» **Exercise objective**
Retype each line of the material below word for word; pictures stay out.

» **Dataset excerpt**
--

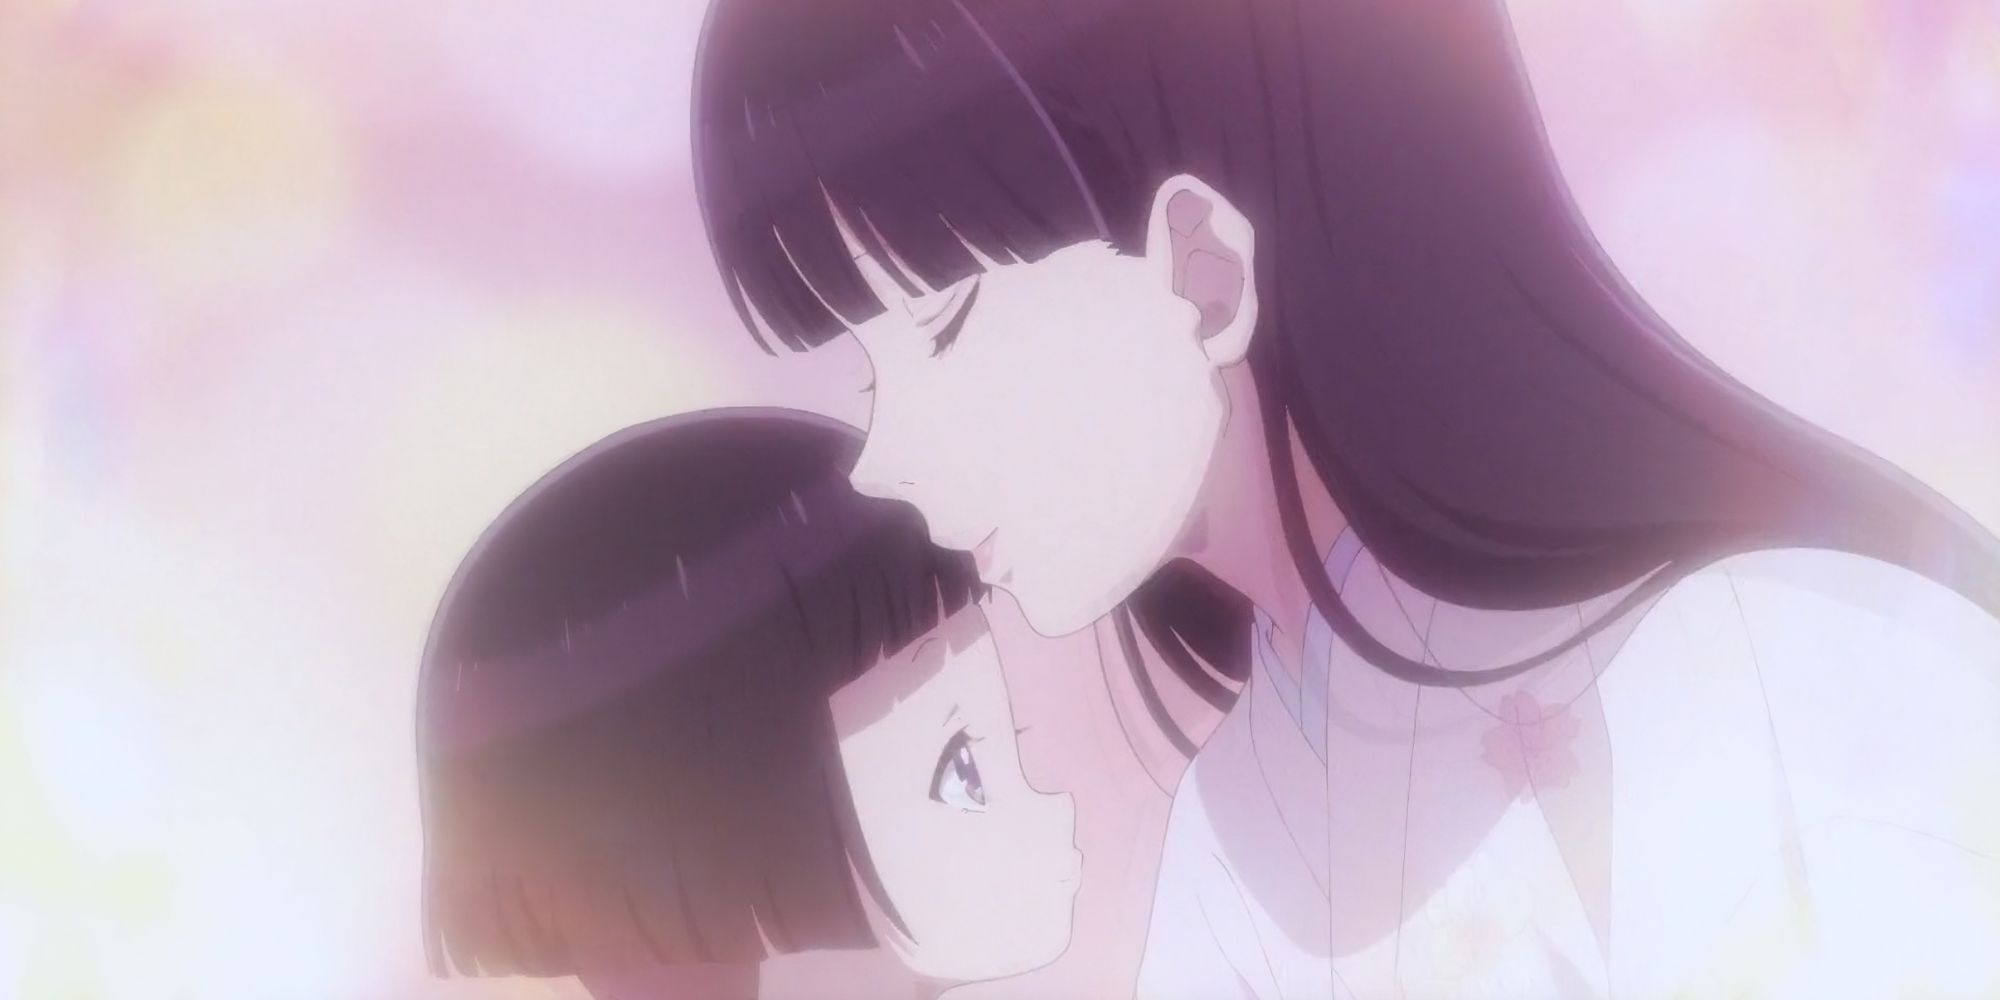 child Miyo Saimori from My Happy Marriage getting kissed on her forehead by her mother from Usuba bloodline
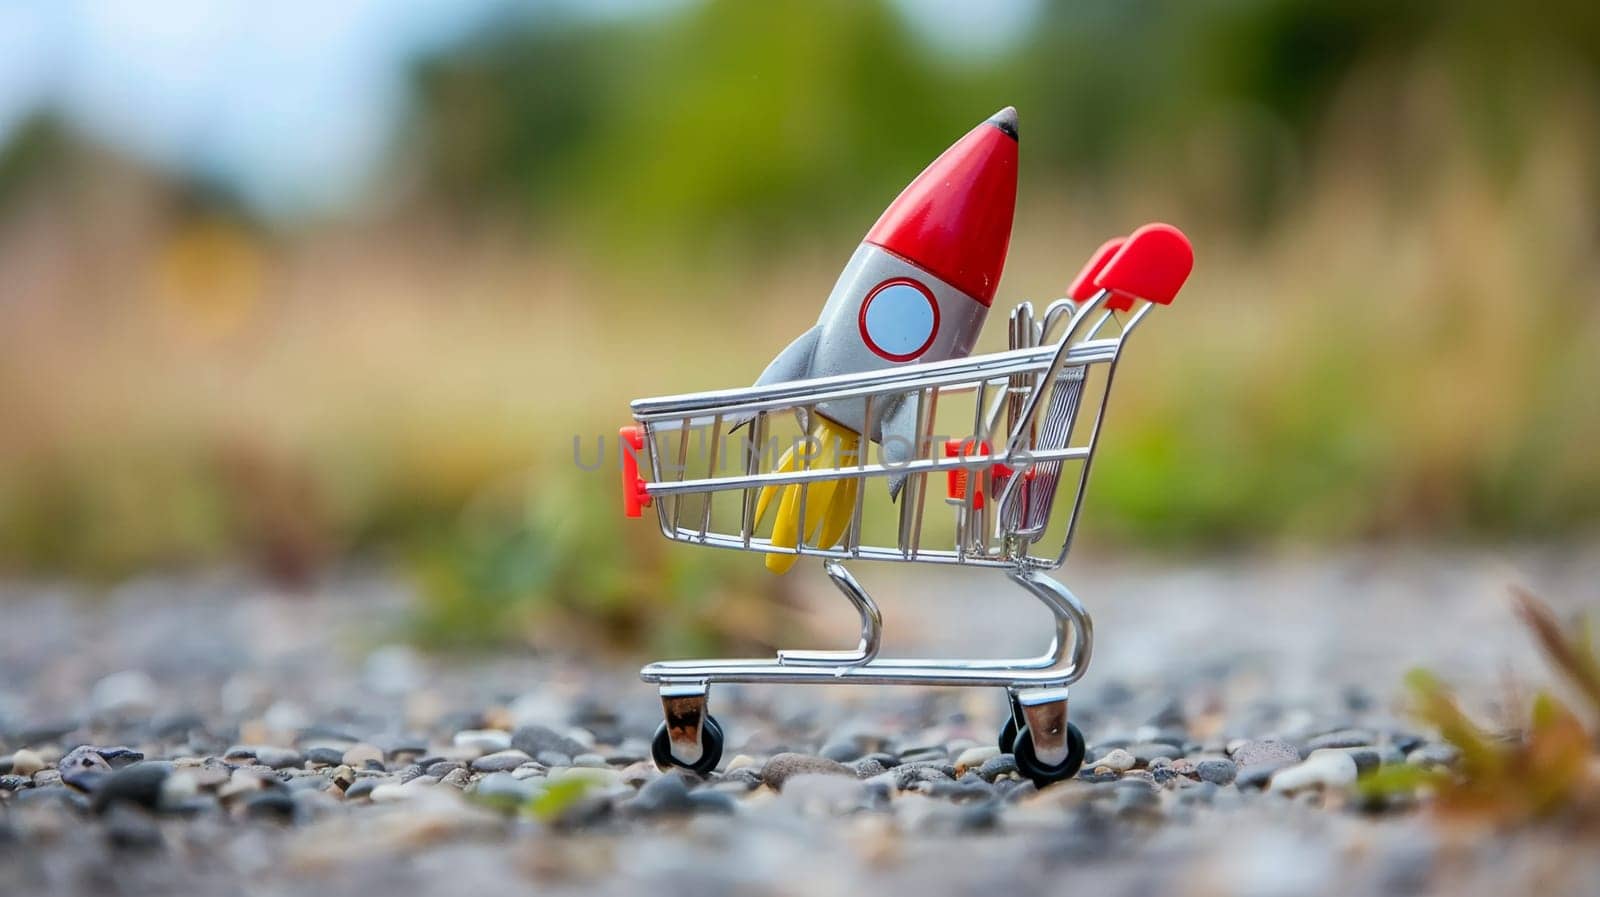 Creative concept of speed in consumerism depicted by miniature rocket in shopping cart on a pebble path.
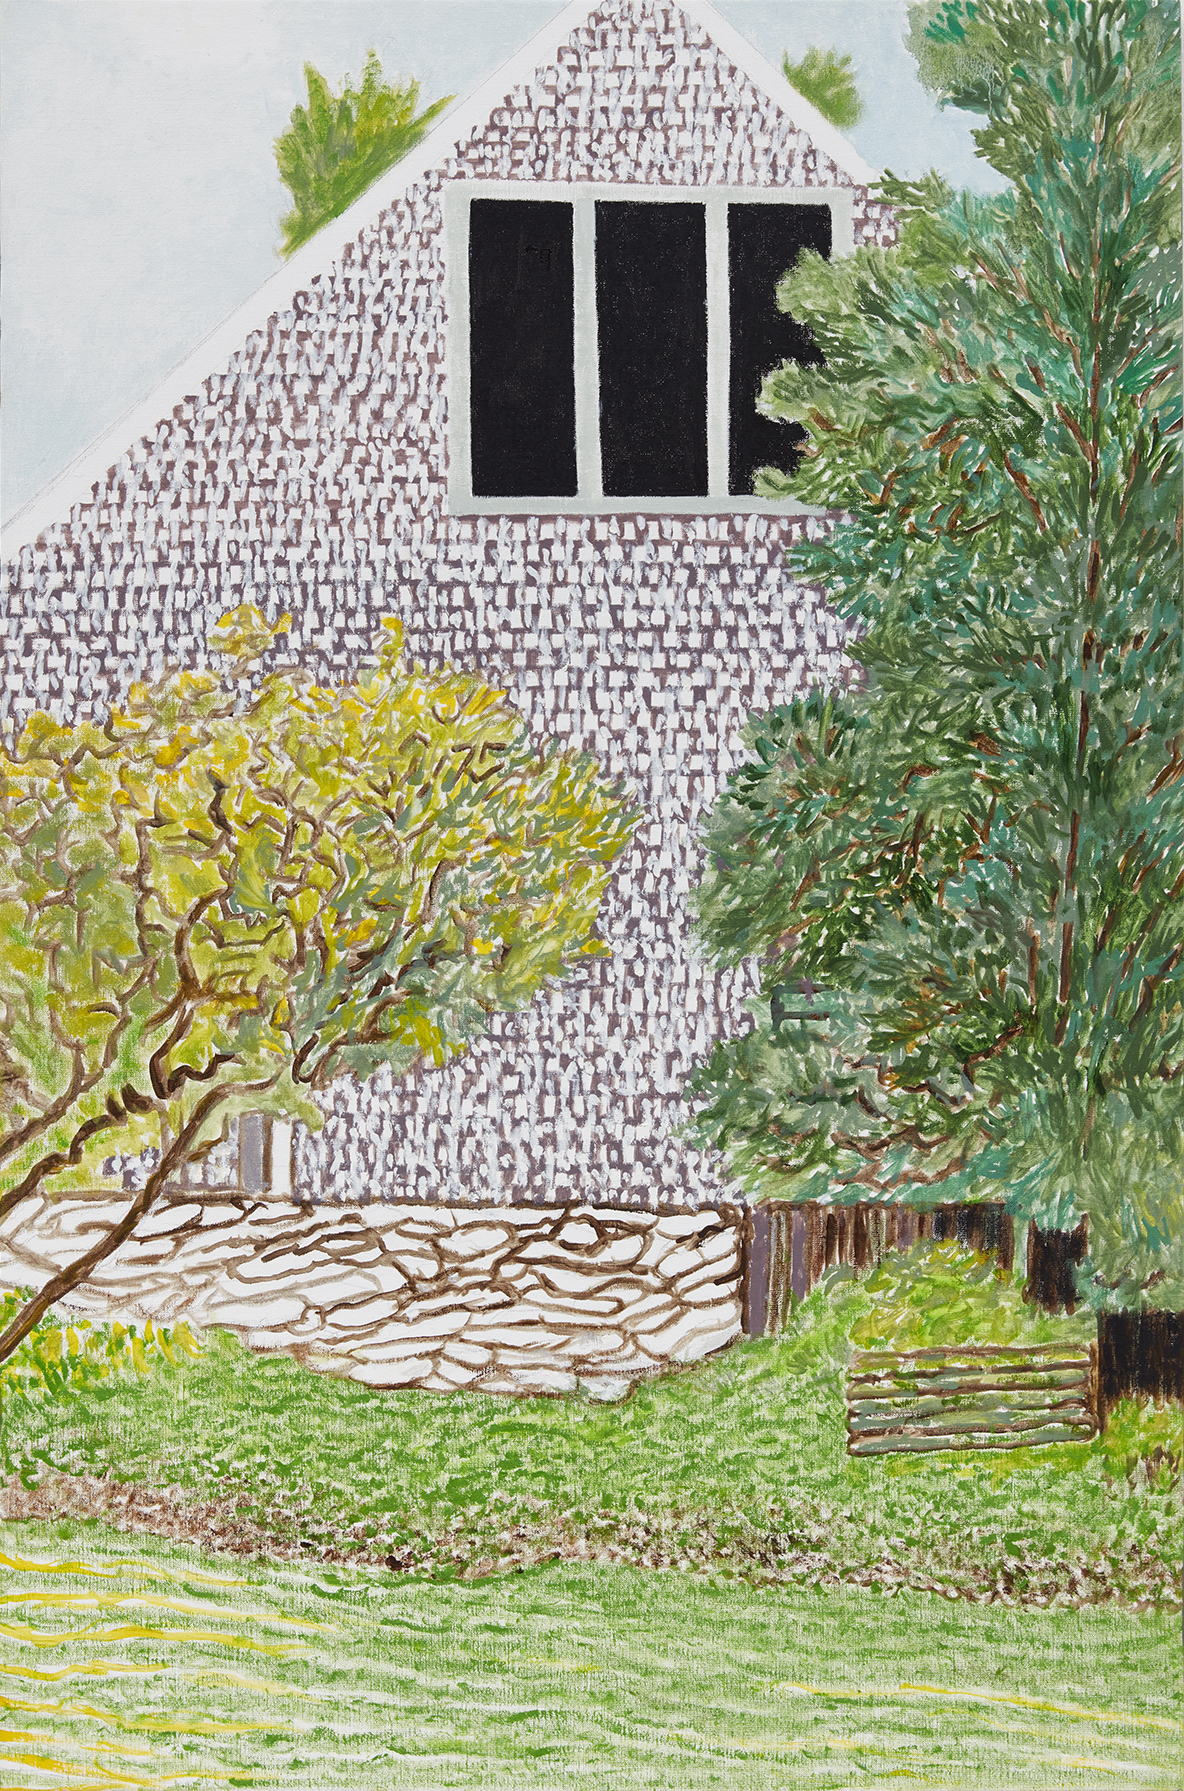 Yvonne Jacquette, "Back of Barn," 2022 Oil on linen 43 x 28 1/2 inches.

--

» **Solution for this exercise**
 child Miyo Saimori from My Happy Marriage getting kissed on her forehead by her mother from Usuba bloodline
 Creative concept of speed in consumerism depicted by miniature rocket in shopping cart on a pebble path.
 Yvonne Jacquette, "Back of Barn," 2022 Oil on linen 43 x 28 1/2 inches.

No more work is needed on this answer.